Hey there! My name is Joshua, and I'm an upcoming undergraduate at the University of Kansas, where I’m planning to pursue a Bachelor of Science in Aerospace Engineering. I've always been passionate about designing and building things, especially when it comes to solving real-world problems.

Alongside that passion, I’ve developed a deep love for Formula 1. It’s a sport that blends speed, precision, and design innovation in ways that completely captivate me. While McLaren is my favorite team, and I admire drivers like Lando Norris and Carlos Sainz, inspiration strikes from across the grid.

This project, a 3D model of the AMR23 steering wheel, is a tribute to the technical mastery behind Aston Martin’s 2023 season. I designed it specifically with 3D printing in mind: it’s split into multiple components to make the print process smoother and more accessible, whether you're using an FDM printer or something more advanced. Each piece fits together with simple alignment features, allowing for easy assembly without the need for complex tools. The build captures both the aesthetics and layout of the actual wheel while being optimized for 3D printing and display.

F1 gear and merchandise can be incredibly expensive for fans, especially high-quality replicas. Professional-grade F1 steering wheel models often cost thousands of dollars and are typically out of reach for most fans. That’s why I wanted to create something that balances authenticity and accessibility: a visually accurate replica that can be printed at home, shared freely, and enjoyed without the price barrier.

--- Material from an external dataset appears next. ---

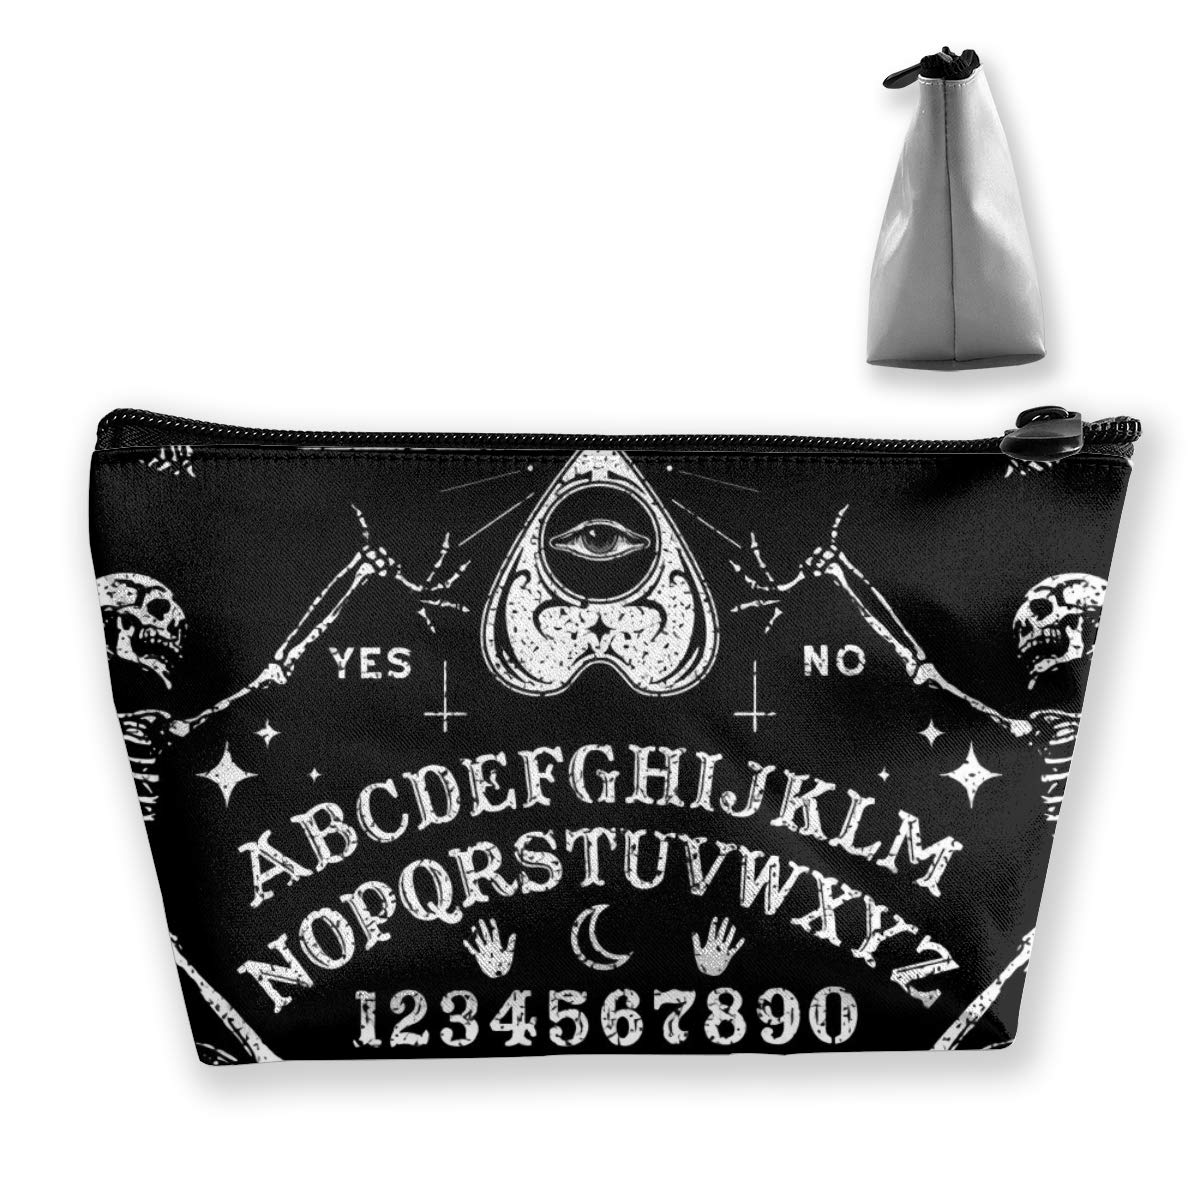 Women Vintage Skeleton Magic Ouija Board Black Make Up Bag Organizer Multi-Purpose Cosmetic Train Case Fashion Zipper Tote Bag Large Capacity for Cosmetics Jewelry Trip
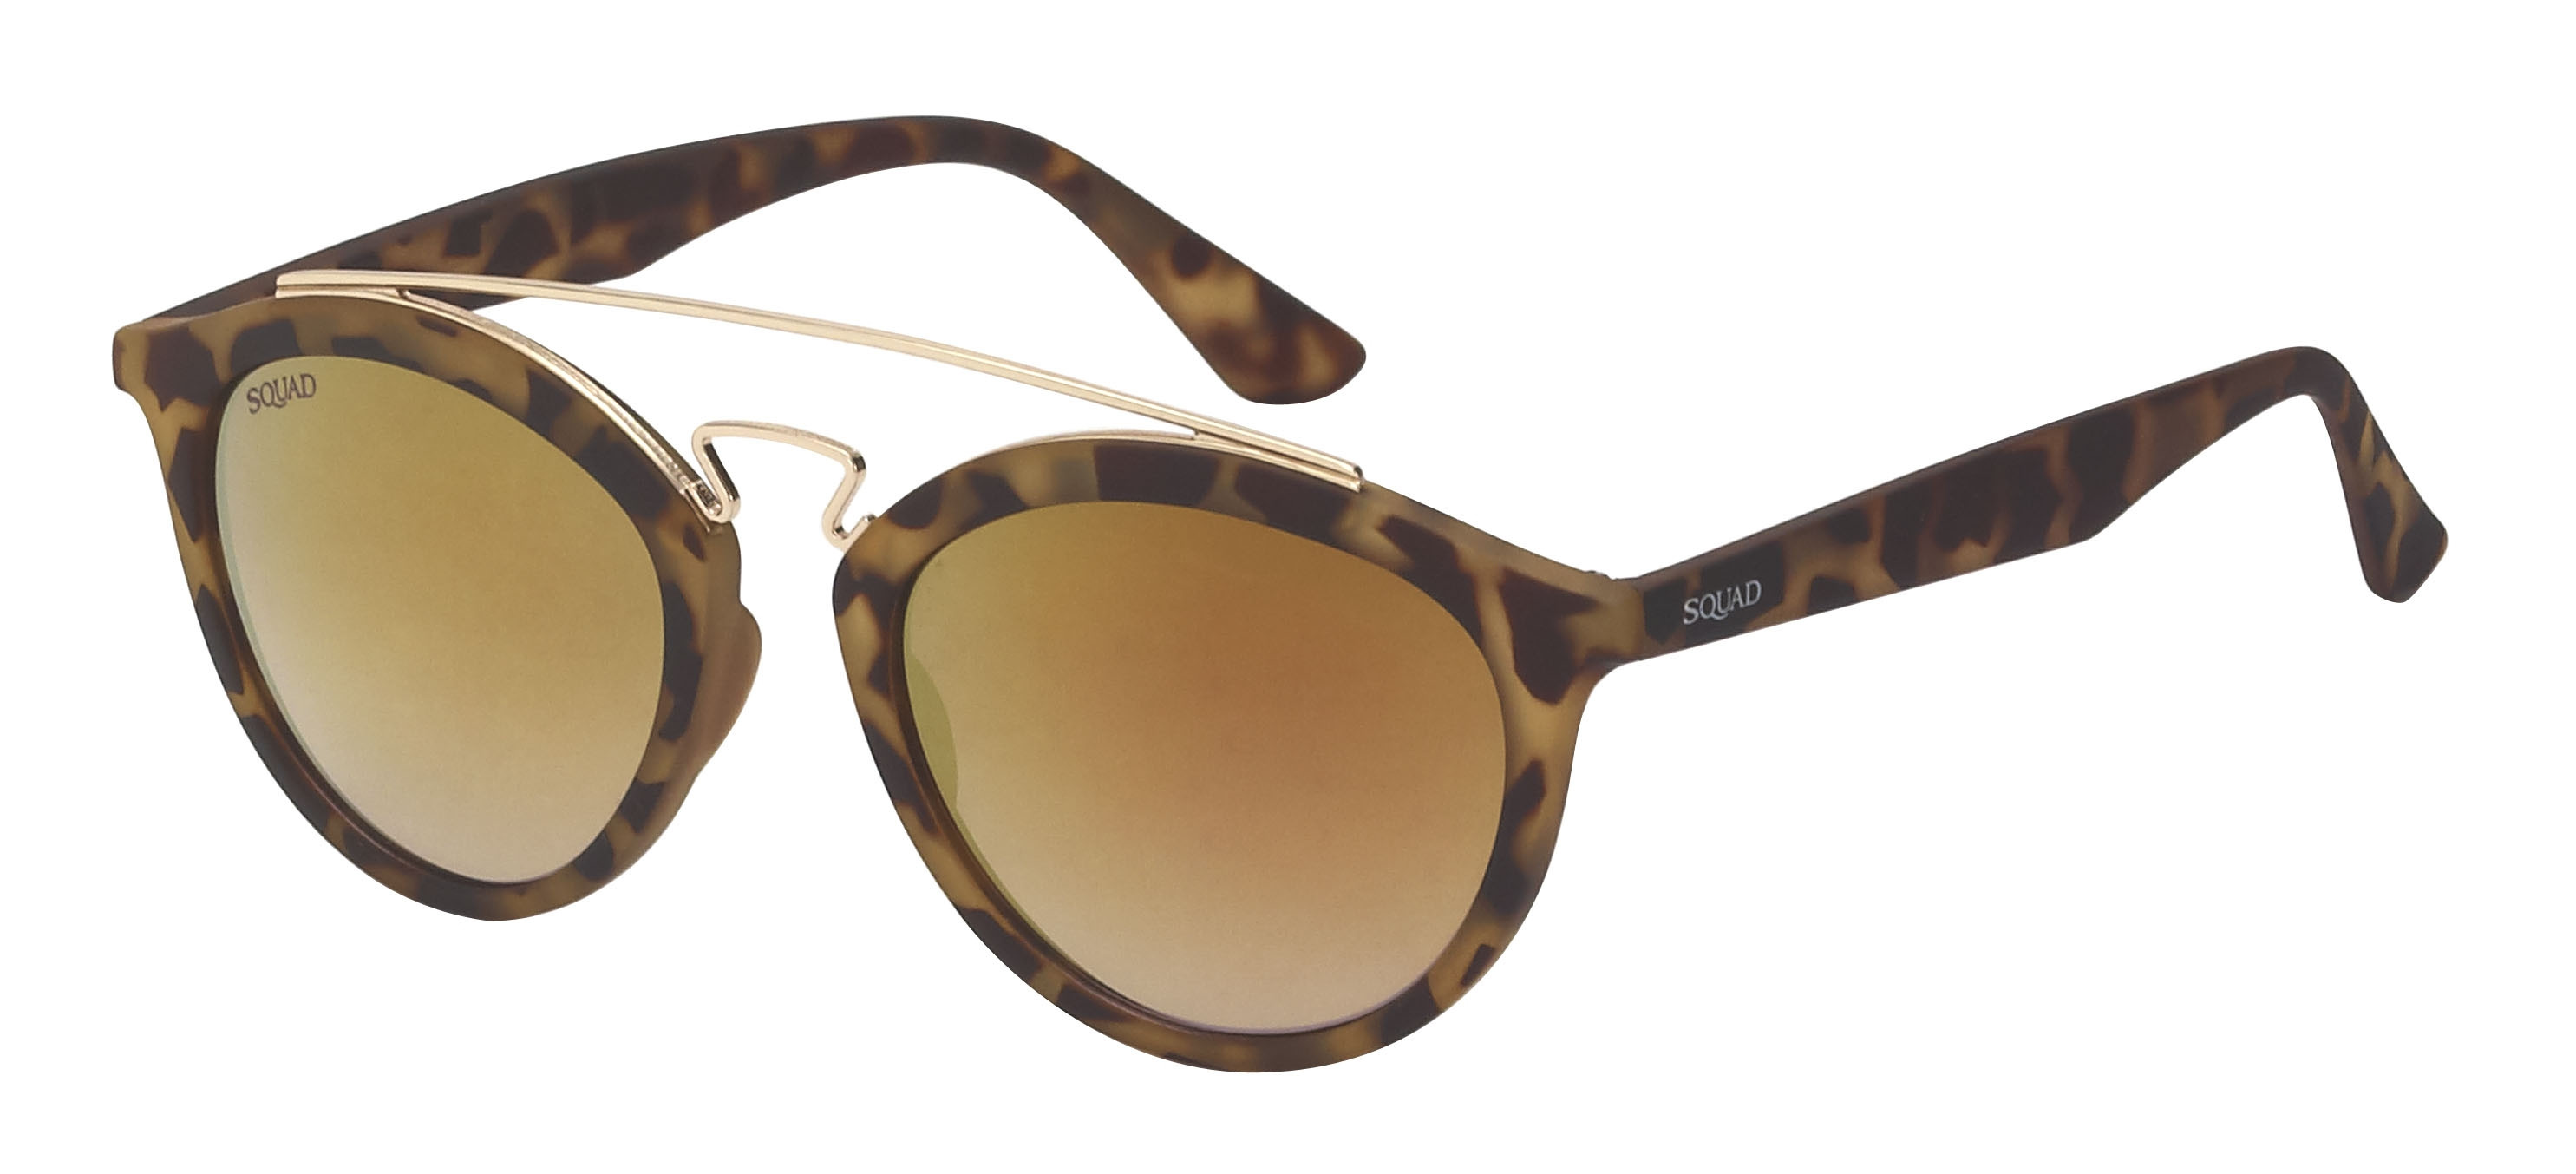 Gafas de sol SQUAD AS61146 C6

I hope this Instructable helps fellow fans and makers get a little closer to the thrill of Formula 1. Thanks for checking it out, and I hope you enjoy building or designing it as much as I did!

Materials Needed:

1. Laptop/Computer
2. CAD Software (Would highly recommend Fusion 360 for beginners and professionals! It's quite easy to learn, and the interface is extremely user-friendly)
3. Experience with CAD isn't required; however, it's extremely helpful!
4. Autodesk Account

Optional Materials:

1. A 3D Printer or Resin Printer (I used an Ender 3 V2; it's a great starting printer, however, there are better options on the market)
2. 3D Printer Filament or Resin
3. Super Glue

Link to Model:

1. Main Assembly

What Is Formula 1?:

Formula 1 (F1) is the highest class of international motorsport, featuring technologically advanced, open-wheel race cars competing on circuits around the world. Governed by the FIA, the sport blends precision engineering, driver skill, and strategic team management. Each season unfolds across diverse tracks, from tight street circuits to sweeping high-speed layouts, making it a true test of both human and machine.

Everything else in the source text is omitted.